▸ **Exercise**
Look through the data that follows and copy each line with the string "CHRISTIAN".

########

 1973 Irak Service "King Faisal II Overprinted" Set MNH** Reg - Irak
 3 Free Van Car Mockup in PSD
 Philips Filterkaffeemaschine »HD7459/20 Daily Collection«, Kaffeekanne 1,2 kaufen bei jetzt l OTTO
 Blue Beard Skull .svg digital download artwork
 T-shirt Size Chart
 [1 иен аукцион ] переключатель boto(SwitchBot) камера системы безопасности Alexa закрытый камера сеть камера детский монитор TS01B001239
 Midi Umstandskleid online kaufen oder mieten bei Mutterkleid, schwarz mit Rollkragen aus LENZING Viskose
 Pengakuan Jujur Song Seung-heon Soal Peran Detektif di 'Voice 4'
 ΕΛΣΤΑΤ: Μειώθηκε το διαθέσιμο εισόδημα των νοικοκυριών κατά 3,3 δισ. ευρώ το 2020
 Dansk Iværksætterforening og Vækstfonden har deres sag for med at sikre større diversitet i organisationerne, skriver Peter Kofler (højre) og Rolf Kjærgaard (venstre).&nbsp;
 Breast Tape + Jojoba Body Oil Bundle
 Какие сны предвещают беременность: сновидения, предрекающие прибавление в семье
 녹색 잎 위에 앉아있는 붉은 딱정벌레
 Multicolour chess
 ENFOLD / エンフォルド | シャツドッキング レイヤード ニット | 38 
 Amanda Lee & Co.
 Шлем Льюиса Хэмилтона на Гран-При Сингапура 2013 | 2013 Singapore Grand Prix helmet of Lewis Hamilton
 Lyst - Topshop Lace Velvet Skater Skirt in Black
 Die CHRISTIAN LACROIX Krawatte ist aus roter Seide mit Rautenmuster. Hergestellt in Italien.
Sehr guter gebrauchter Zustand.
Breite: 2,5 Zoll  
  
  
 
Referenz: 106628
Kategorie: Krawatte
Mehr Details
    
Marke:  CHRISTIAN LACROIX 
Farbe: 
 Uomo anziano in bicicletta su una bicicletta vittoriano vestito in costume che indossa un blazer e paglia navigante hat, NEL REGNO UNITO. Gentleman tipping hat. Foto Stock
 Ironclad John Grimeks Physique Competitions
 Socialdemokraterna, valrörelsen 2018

########

▸ **Solution to this problem**
 Die CHRISTIAN LACROIX Krawatte ist aus roter Seide mit Rautenmuster. Hergestellt in Italien.
Marke:  CHRISTIAN LACROIX 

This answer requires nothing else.